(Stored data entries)
==============================

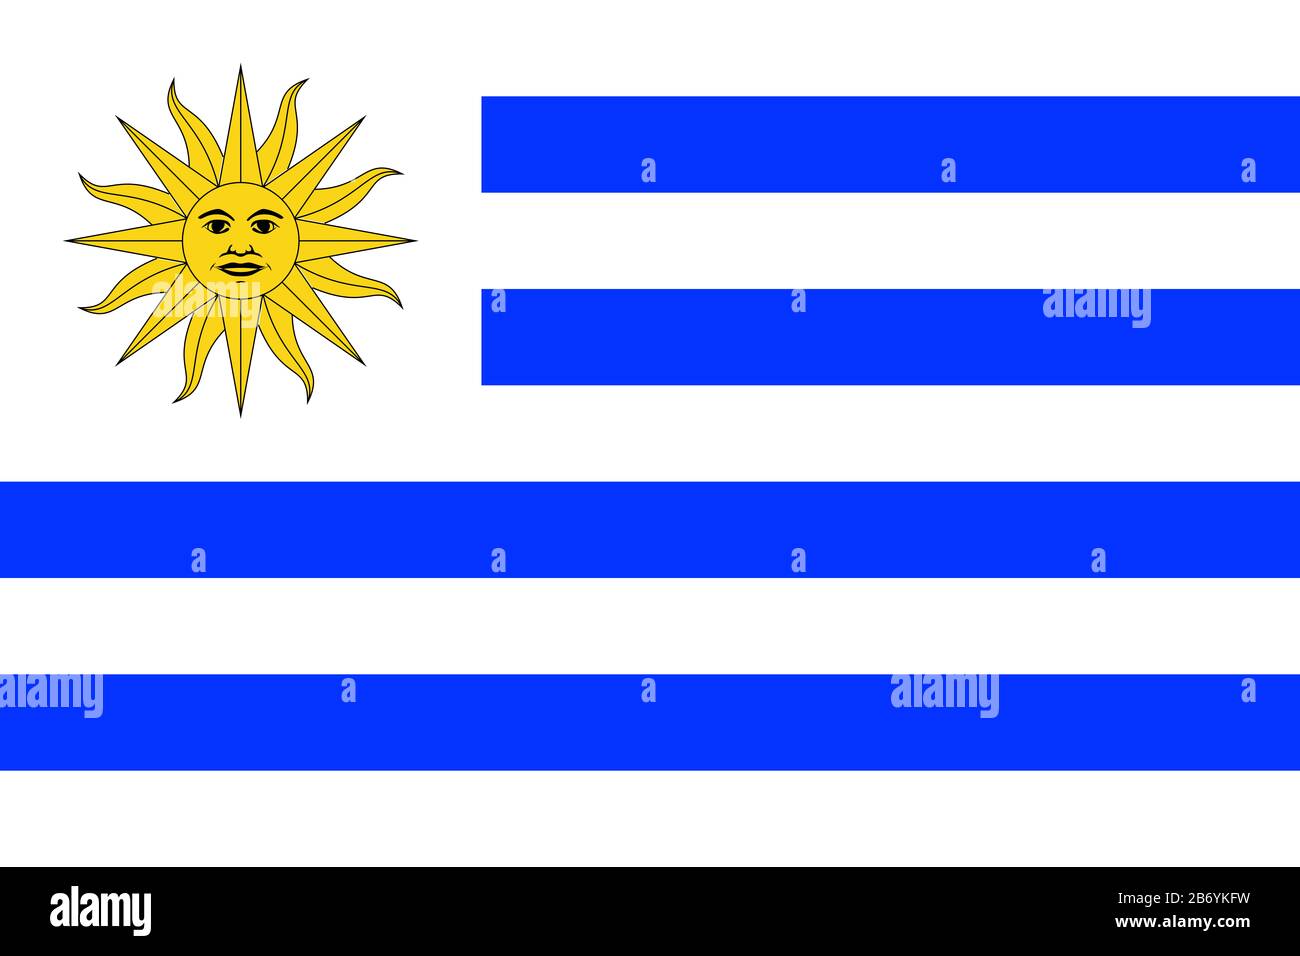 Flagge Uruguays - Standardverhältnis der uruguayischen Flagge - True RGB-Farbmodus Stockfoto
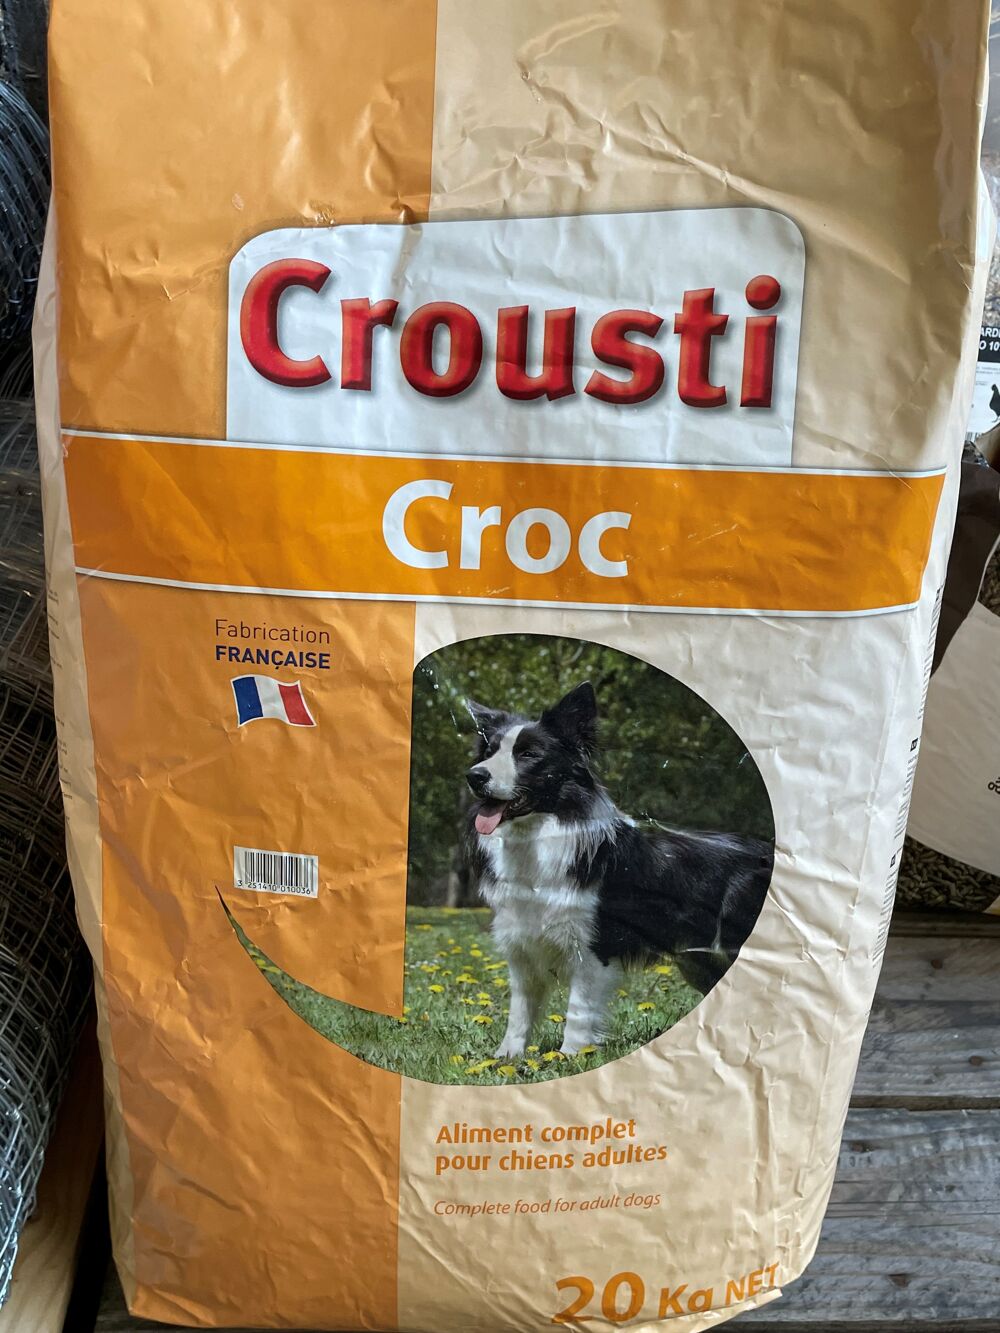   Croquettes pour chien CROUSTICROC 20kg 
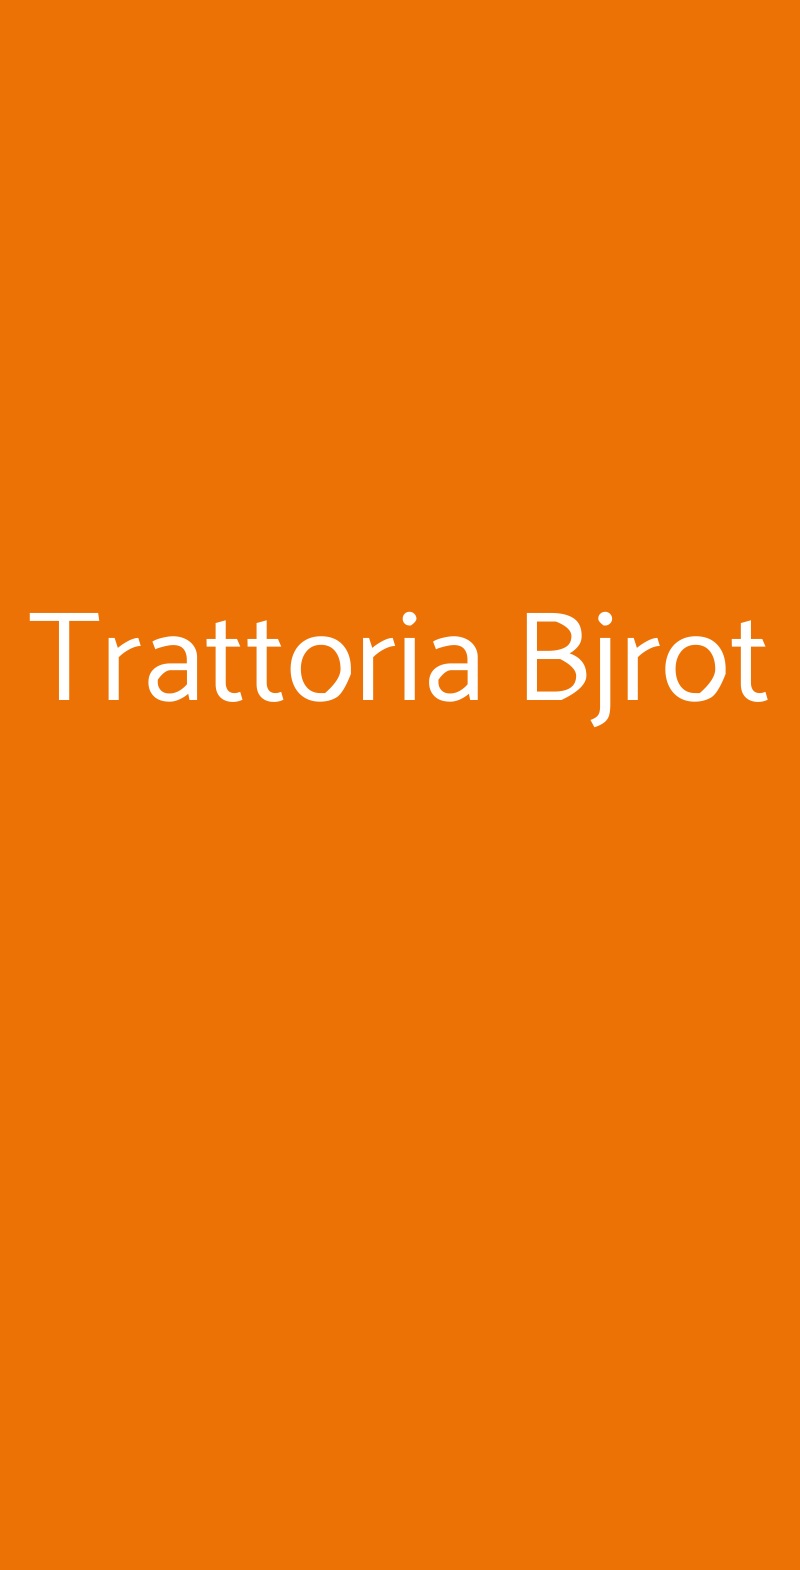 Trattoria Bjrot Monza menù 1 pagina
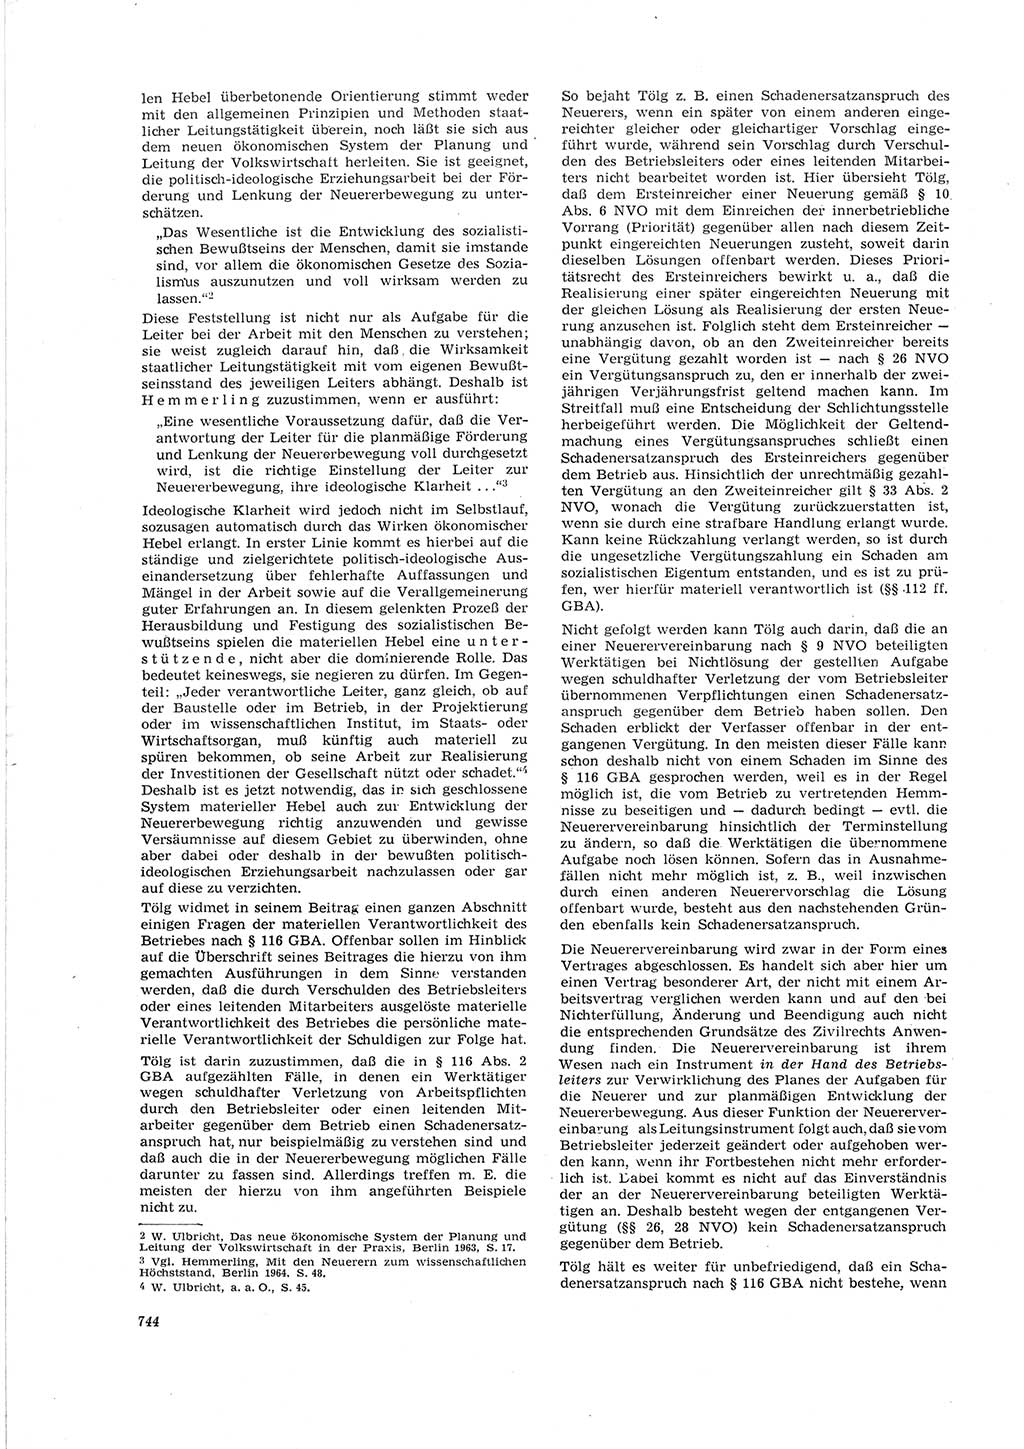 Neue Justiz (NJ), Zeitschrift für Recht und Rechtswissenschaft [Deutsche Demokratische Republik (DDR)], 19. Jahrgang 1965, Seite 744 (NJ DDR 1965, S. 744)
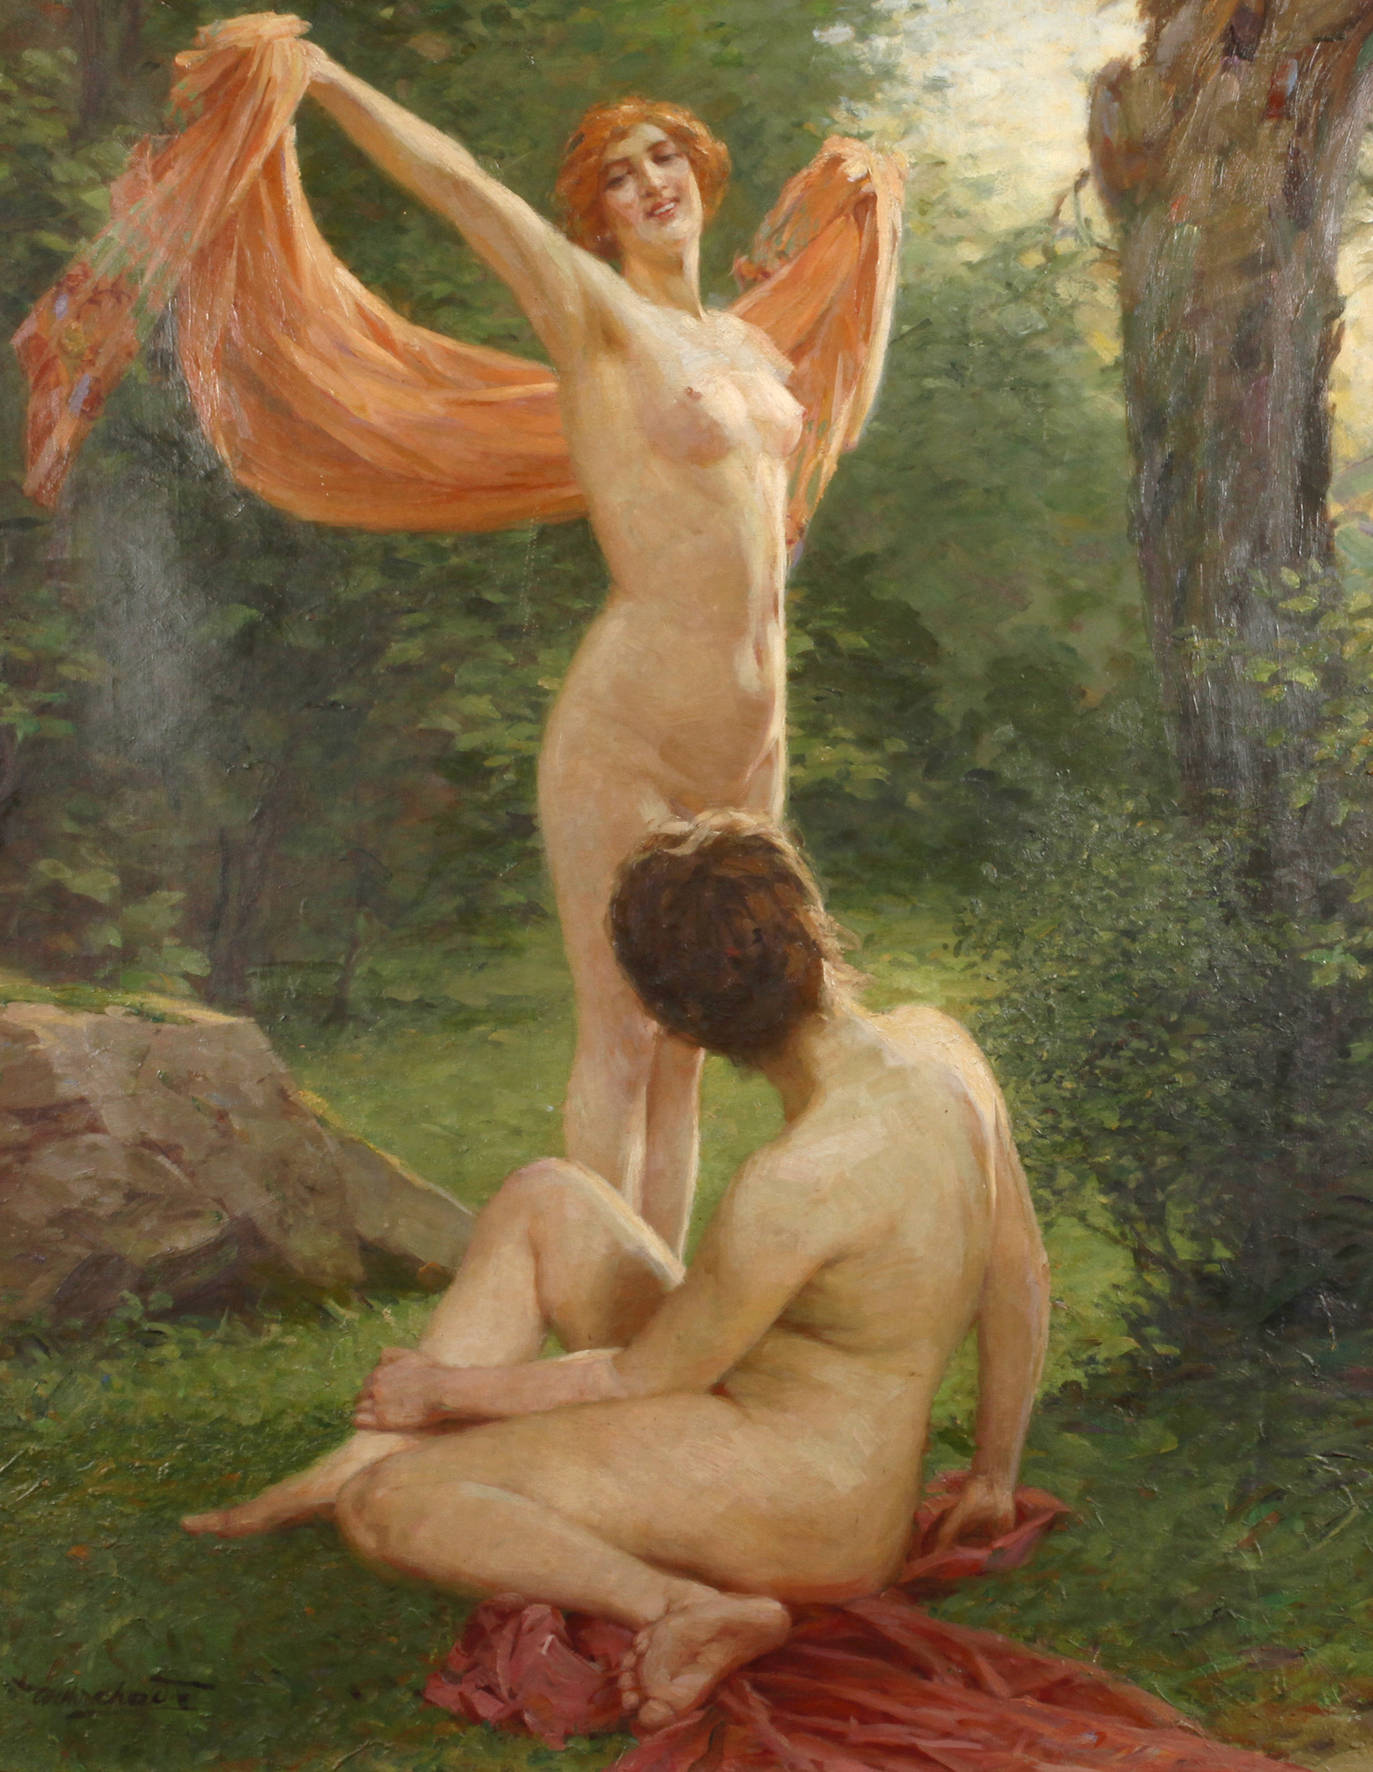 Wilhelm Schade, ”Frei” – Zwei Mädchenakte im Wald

==============================

▶ _WHAT YOU NEED TO DO_:
Please output the lines from the line that contains "Croquettes pour chien CROUSTICROC 20kg" through the end of the records, both ends included, exactly and with no pictures.

▶ _RESULT FOR THIS EXERCISE_:
   Croquettes pour chien CROUSTICROC 20kg 
 Trattoria Bjrot Monza menù 1 pagina
 Neue Justiz (NJ), Zeitschrift für Recht und Rechtswissenschaft [Deutsche Demokratische Republik (DDR)], 19. Jahrgang 1965, Seite 744 (NJ DDR 1965, S. 744)
 Wilhelm Schade, ”Frei” – Zwei Mädchenakte im Wald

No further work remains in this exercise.